One searches in vain for antecedents for this film. Bergman's The Virgin Spring, made just two years before Wajda's film, comes close - except there is no violated virgin in Mtsensk. The violation(s) are all committed by Katerina Lvovna. There is also a spooky scene in which Katerina and her maid invoke the fertility of a pregnant mare. I have to admit that I found Katerina's (Olivera Markovic) arms around the mare's belly, pressing her breasts against it and kissing it, disturbingly erotic. The scene corresponds to the witch's (Gunnel Lindblom) appeal to Odin in The Virgin Spring. Bergman tried to repudiate his film by claiming he was heavily under the influence of Kurosawa. Kurosawa, to bring influences full circle, was deeply indebted to Russian literature, particularly Dostoevsky.

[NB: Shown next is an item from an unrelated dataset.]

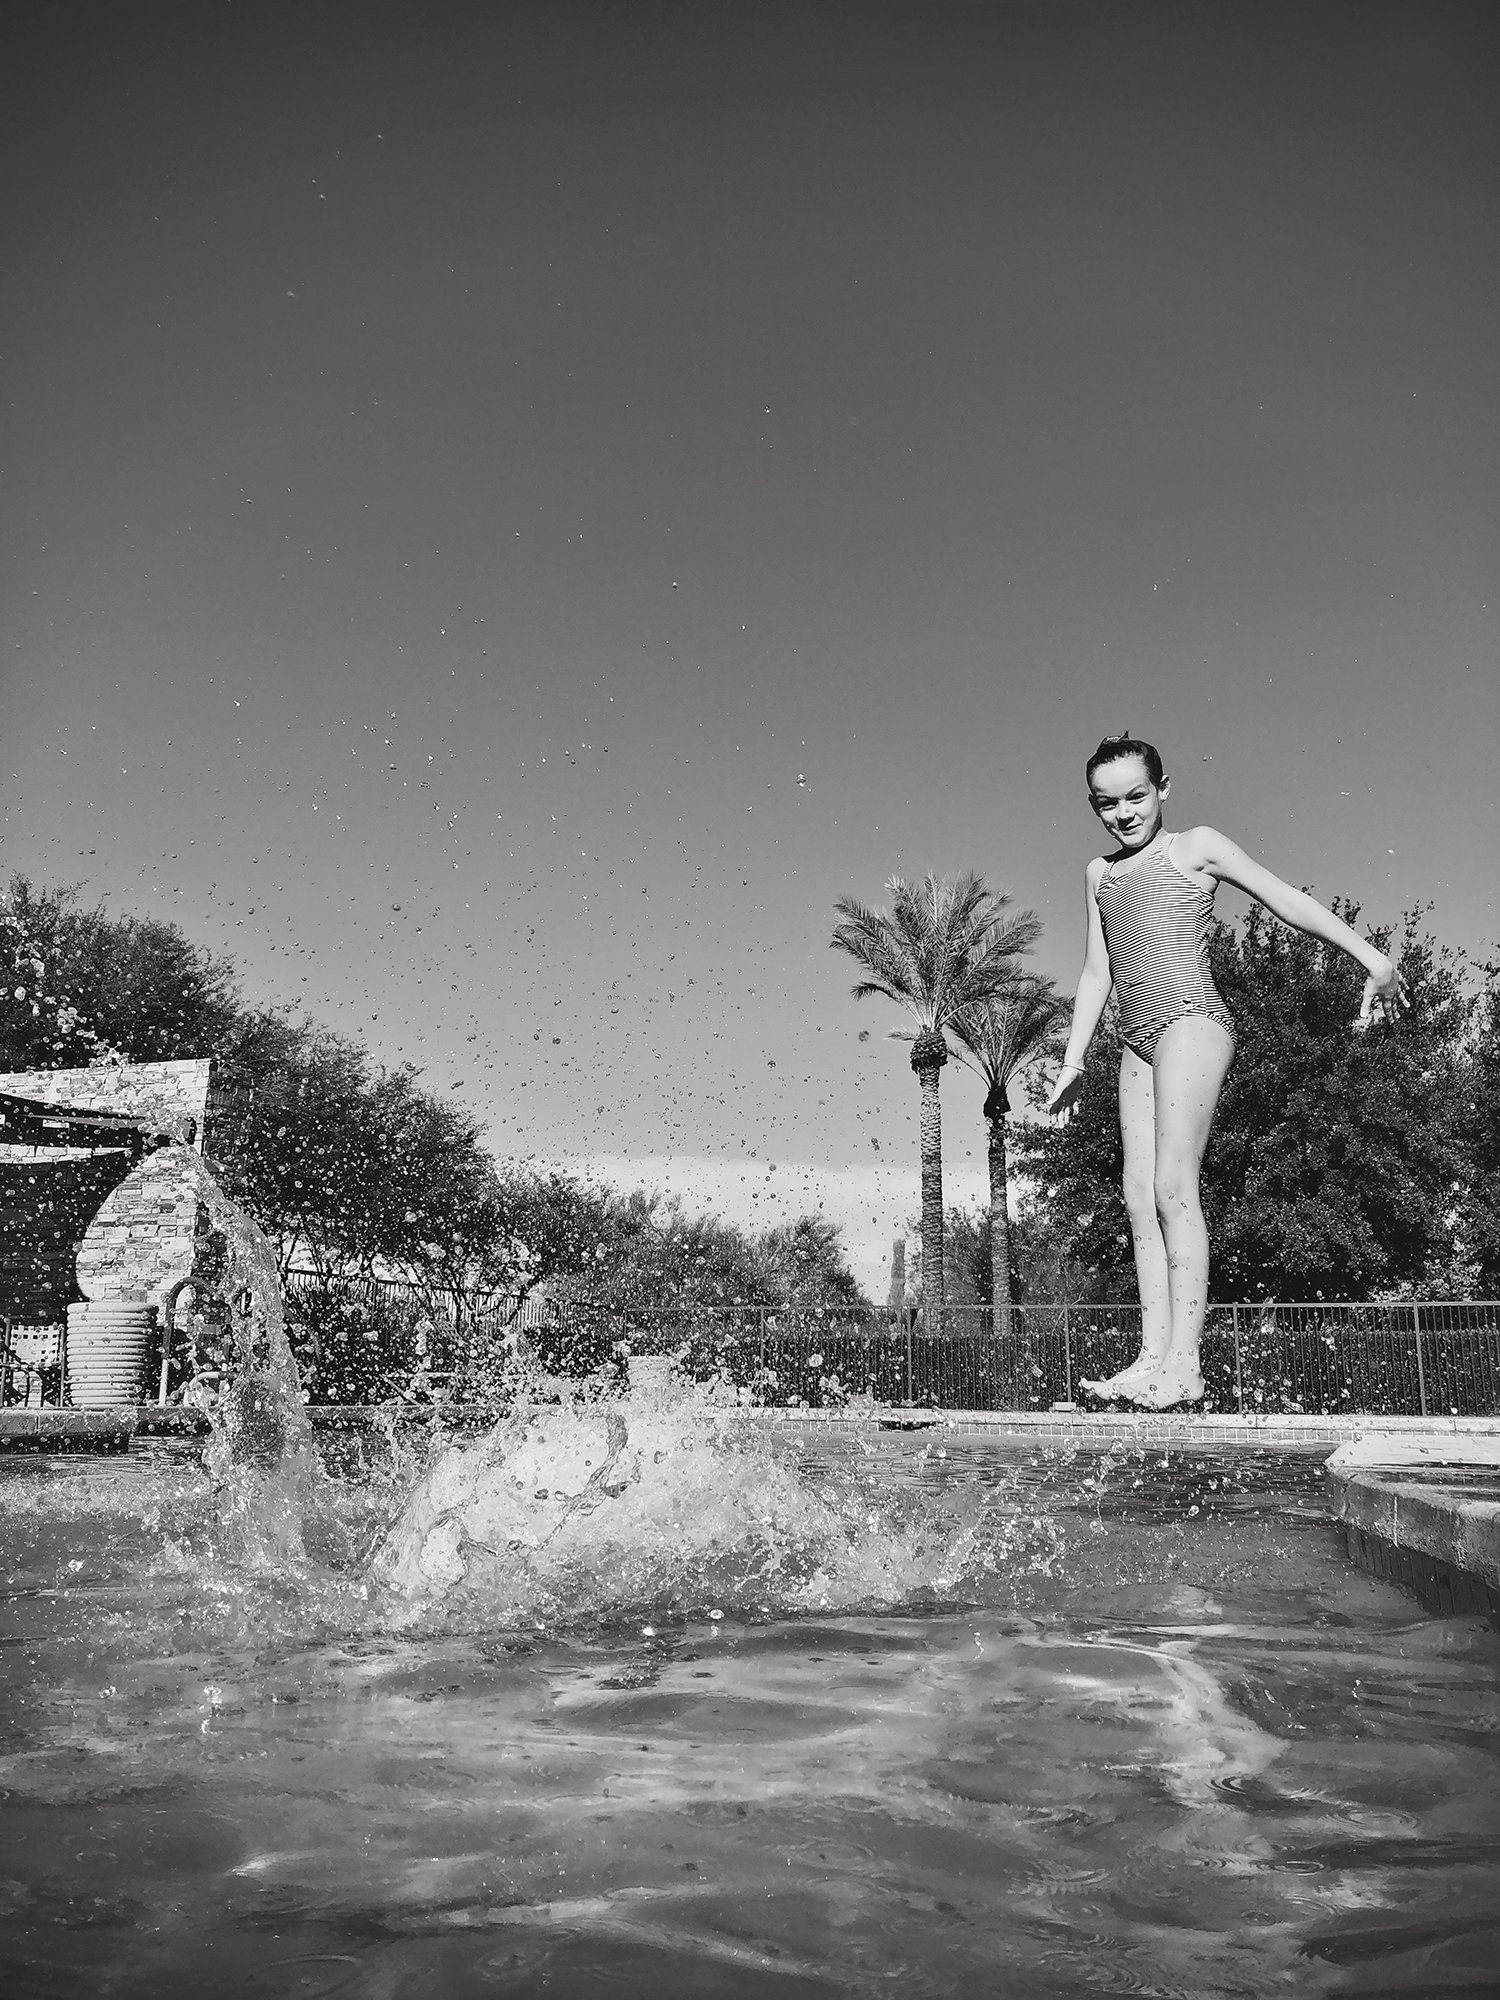 Pool days in the Arizona desert. A black and white collection of beating the triple degree heat and enjoying time with as a family. Desert living during the summer months at it's finest! #BlackAndWhitePhotography #Arizona #Phoenix #Poolside
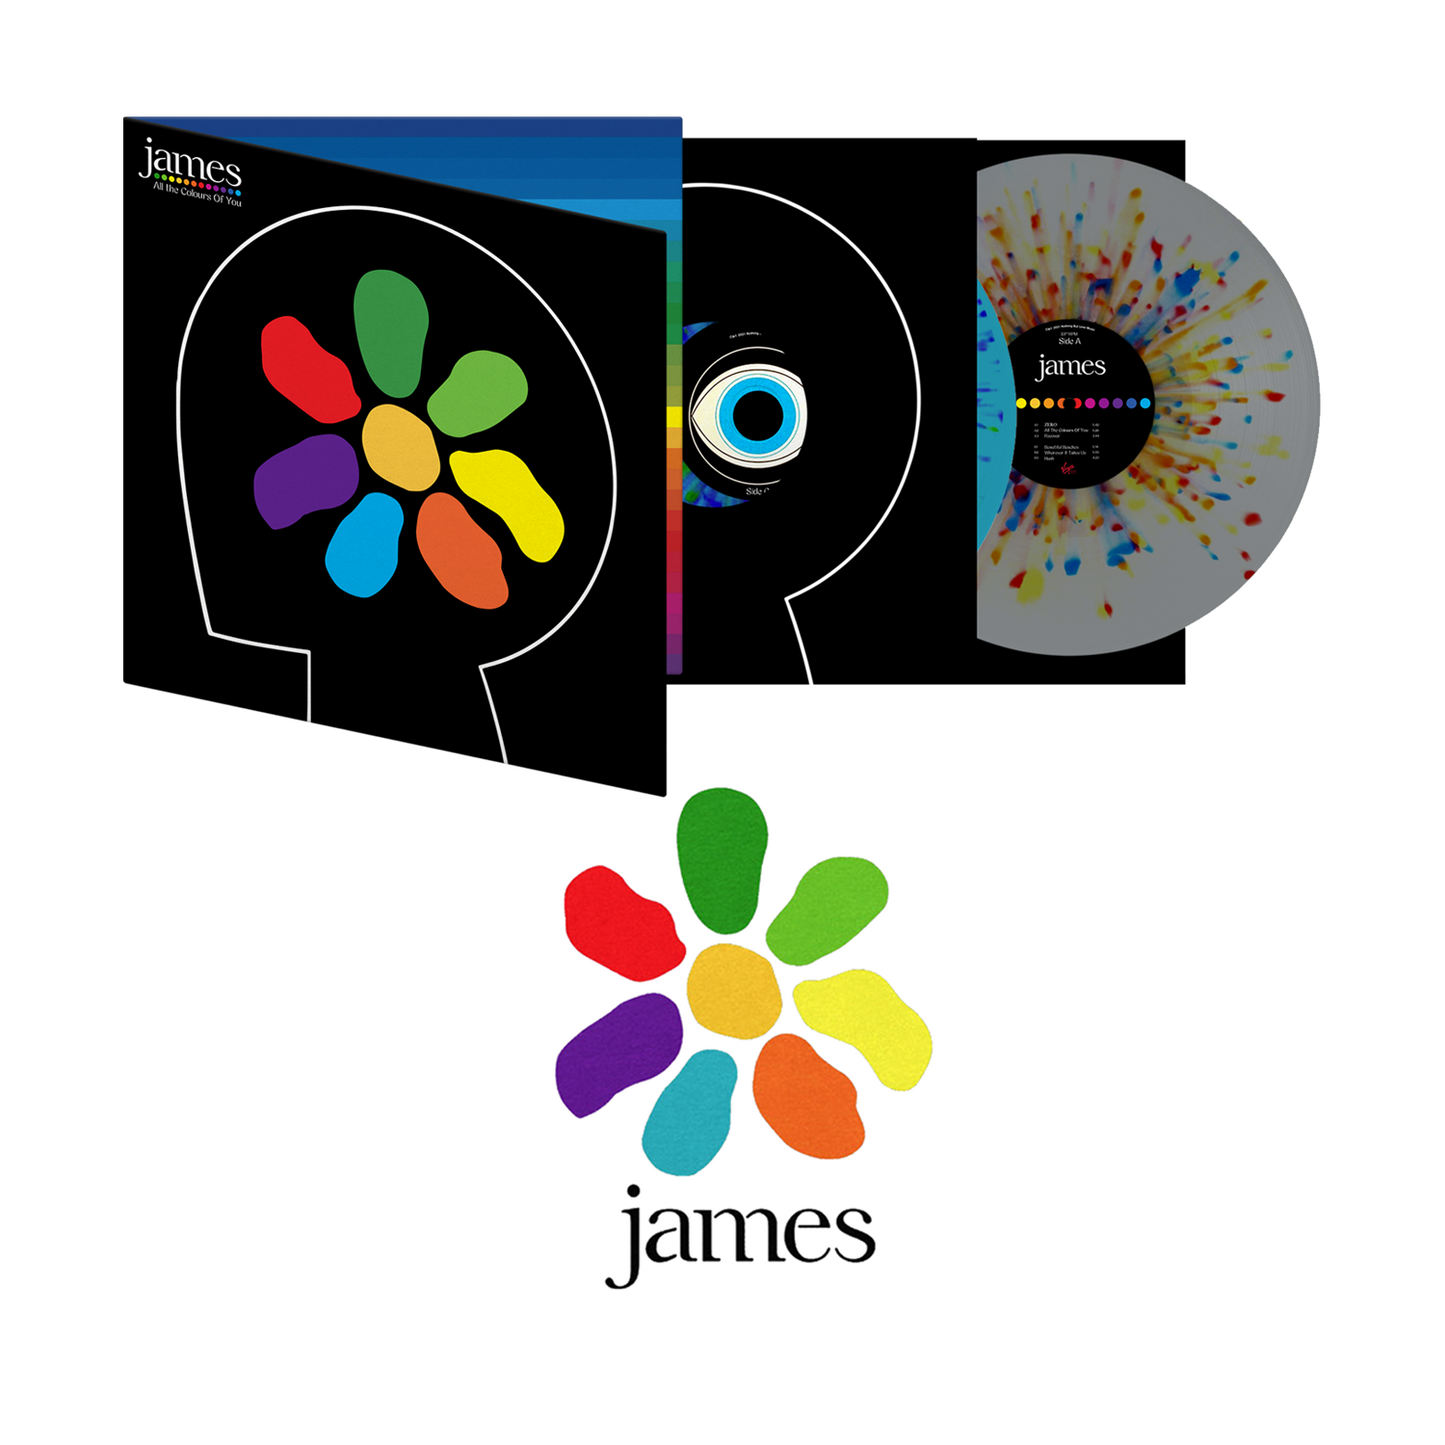 James: All The Colours Of You - Splatter Vinyl Limited Edition Double LP

As for the influence of Siberian Lady Macbeth on subsequent films, the two most famous Bulgarian films, The Peach Thief (1964) and The Goat Horn (1972), show clear echoes of Wajda's film. Harold Bloom once claimed that Kurosawa's Throne of Blood was the greatest "Shakespearean" film ever made. Bloom had probably never seen Siberian Lady Macbeth, but using his definition of "Shakespearean" (Kurosawa's film, coincidentally based on Macbeth, had to dispense with all of Shakespeare's text), there are very few films that come as close to the spirit and power of Shakespeare as Siberian Lady Macbeth.


(1) Translated by Richard Pevear and Larissa Volokhonsky.


[Dept. of Corrections: I have had to edit the above piece after re-checking (very important!) my facts. I realized that I had trusted Wikipedia's page devoted to Andrzej Wajda too much, especially its filmography listing. It lists Samson as the film that Wajda made after Siberian Lady Macbeth. According to Wajda's official webpage and to IMDB, Samson came before. My apologies.]